In the style typical of Carole Forestier Kasapi, who won the best watchmaker award at the Geneva Watchmaking Grand Prix in 2012, novel approaches have been found for even the most mundane of functions in the Calibre de Cartier Diver. The unidirectional returning bezel, for example, has been designed with 120 teeth to allow adjustment to within half a minute, like that of similar diver’s models. But particular attention has been paid to the sound of its clicks, to make them both more acoustically appealing and at the same time more audible. It is also highly resistant, since it is made of Amorphous Diamond-Like Carbon (ADLC).
Cartier’s signature Roman numerals still feature on the dial, although the luminescent coating is only applied to the hour markers, the oversized XII and the small seconds counter at 6 o’clock, which gives the watch two distinct “faces” – one for daytime and one for night-time. Note also the discreet Cartier signature on one of the bar’s of the X in the 10 o’clock position and the “L Swiss Made L” indication below the small seconds counter to indicate the use of photoluminescent material on the dial. In order to meet the requirements of ISO 6425 the time and running indicator (i.e. the small seconds counter) have to be visible in total darkness at a depth of 25 metres.
A screw-in case back, oversized seals, a screw-in crown (set with a faceted synthetic spinel) and a thick sapphire crystal ensure water resistance to 300 metres. Yet the watch remains astonishingly slender. The case, available in stainless-steel or 18-carat red gold, has the same 42mm diameter as the Calibre de Cartier base model, with its satin-finished surfaces with polished edges, and is a mere 1 millimetre thicker than it. This is an incredible achievement, given that the water resistance of the Calibre de Cartier Diver is ten times that of the base model.
Timekeeping is provided by the first self-winding Cartier movement to be developed and assembled entirely in-house at the manufacture. The 1904 MC calibre pays tribute in its name to the year in which Louis Cartier created one of the very first modern wristwatches for his friend, pilot Alberto Santos-Dumont. Over a century later, the 1904 MC movement sets new standards with a double barrel designed to guarantee a constant mainspring torque over time, a rotor mounted on ceramic ball bearings to provide excellent shock resistance and ensure durability, and a specially developed ratchet system of directional winding that makes the watch quicker and easier to wind.

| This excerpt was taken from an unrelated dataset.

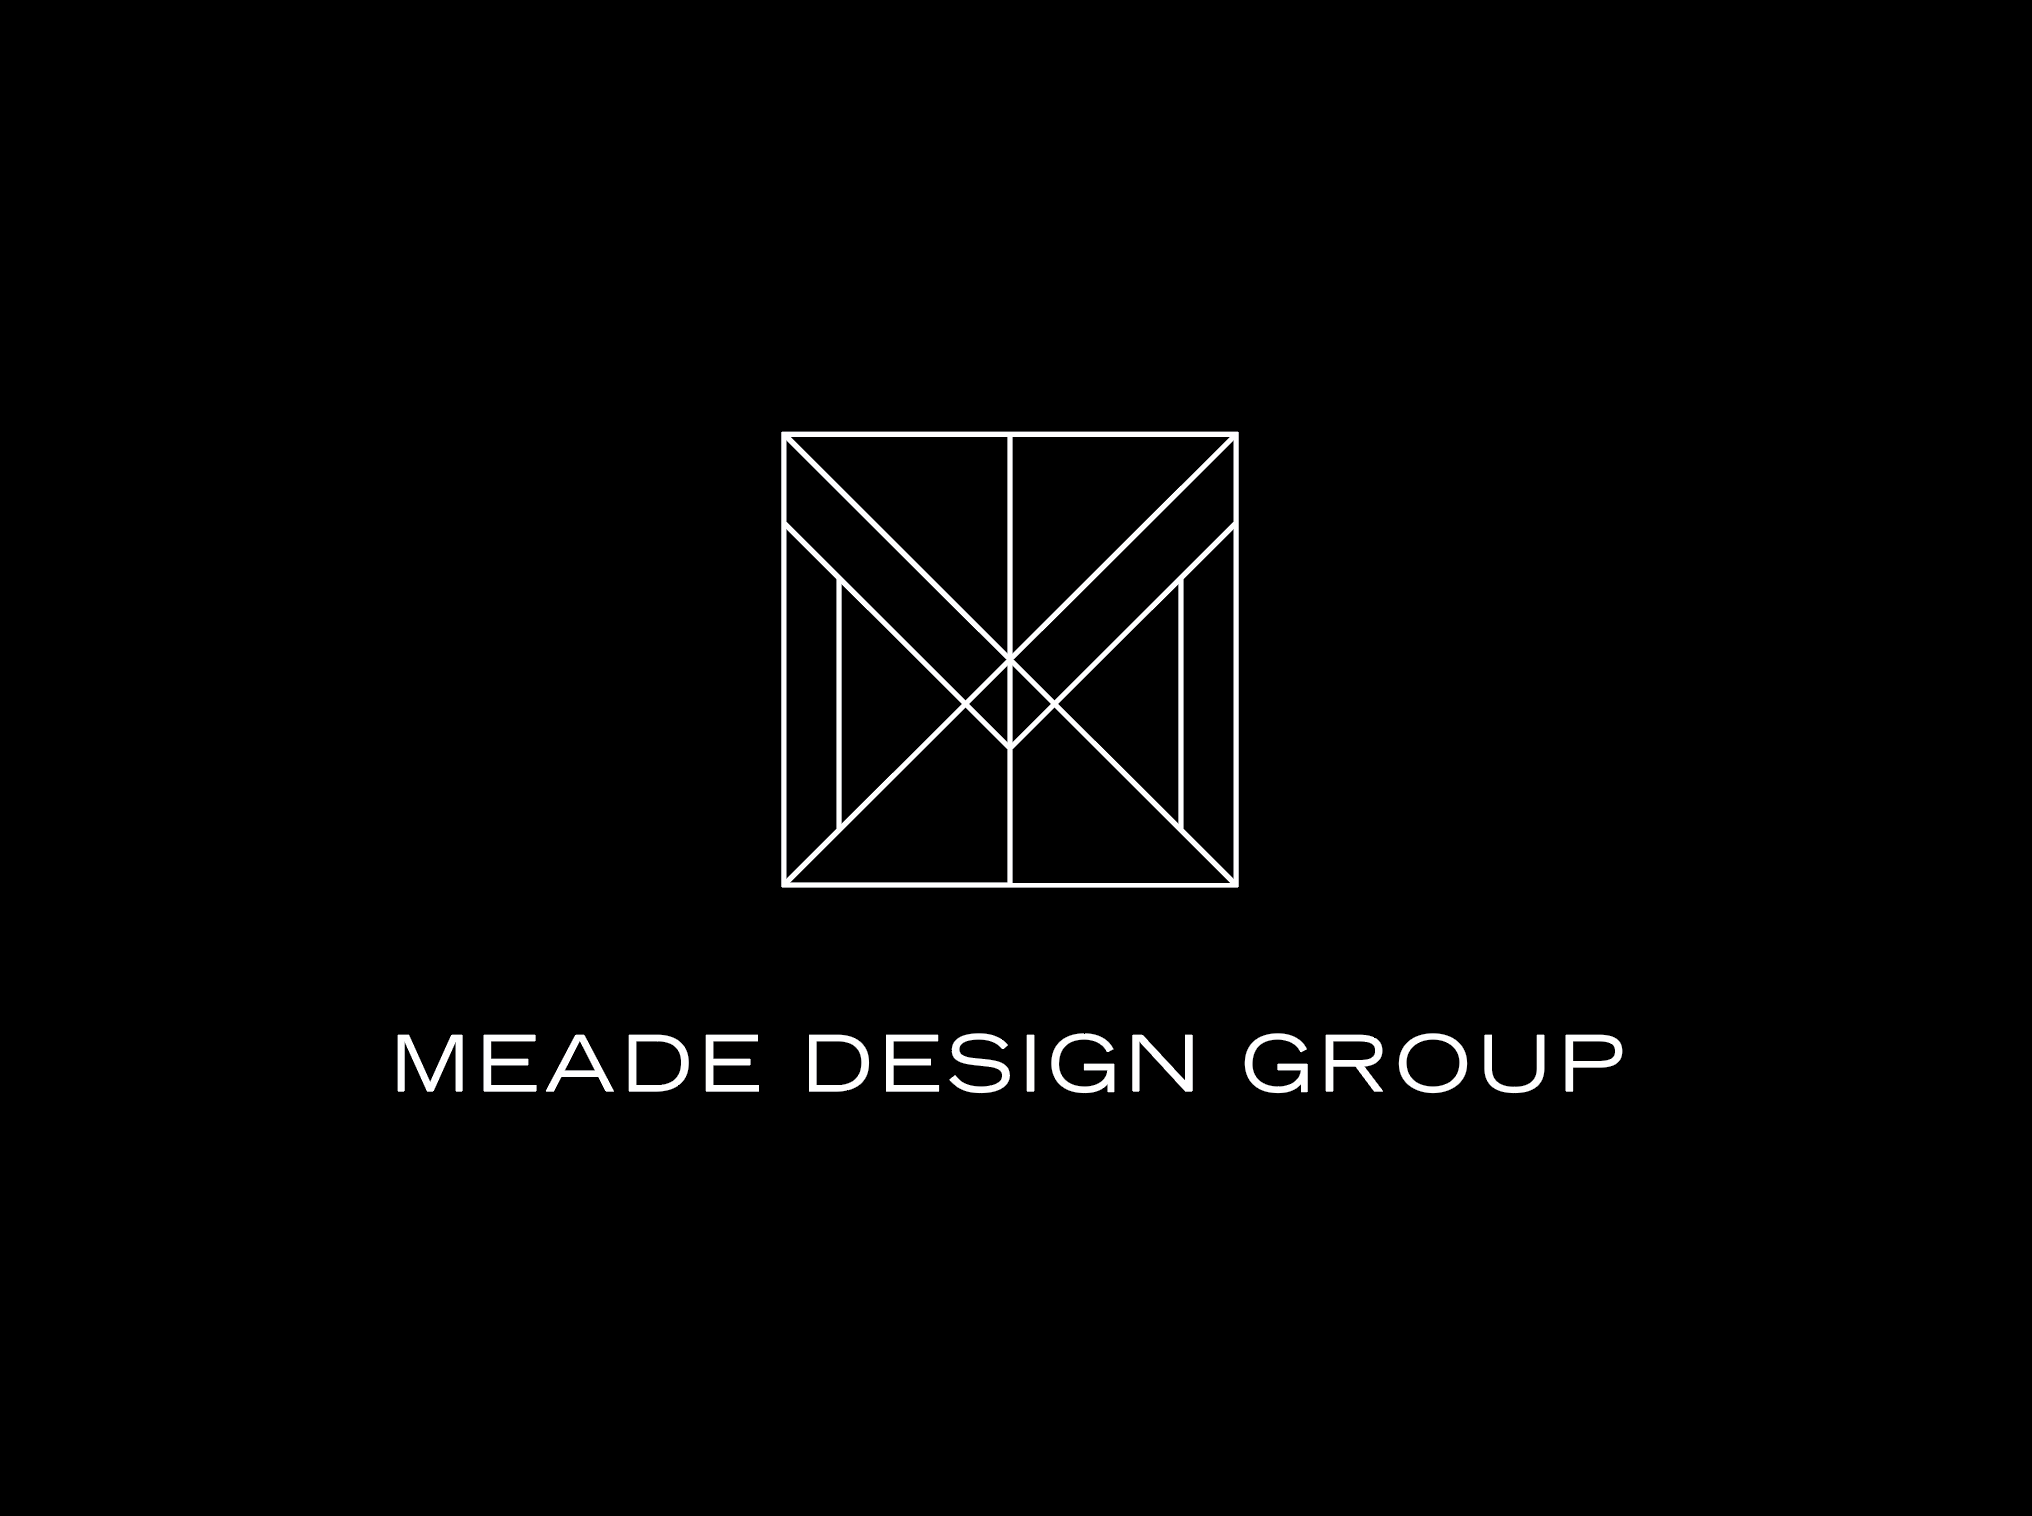 Meade Design Group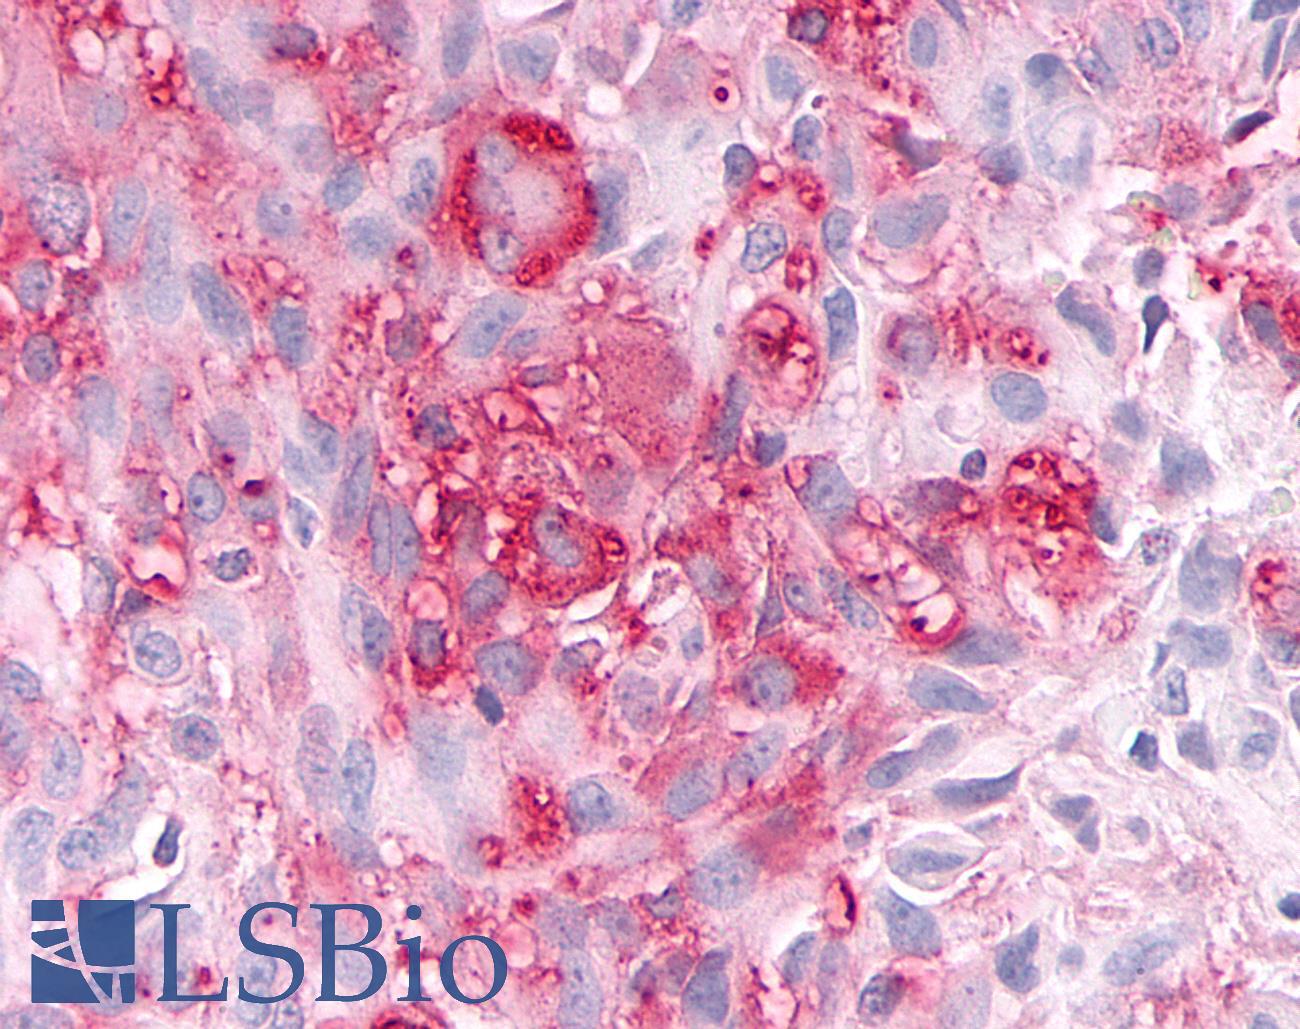 ADAMTS4 Antibody - Brain, Glioblastoma

There are three versions of the Calibre de Cartier Diver available: in steel, red gold or a two-tone version in steel with subtle red-gold accents on the outer edge of the bezel, the crown and the dial. Although the red-gold version would undoubtedly help as ballast for anyone diving down to 300 metres, it remains to be seen whether a gold Calibre de Cartier Diver will ever reach this depth. Nevertheless, the overall package offers a timepiece with proven resistance and robustness that is every bit a Cartier.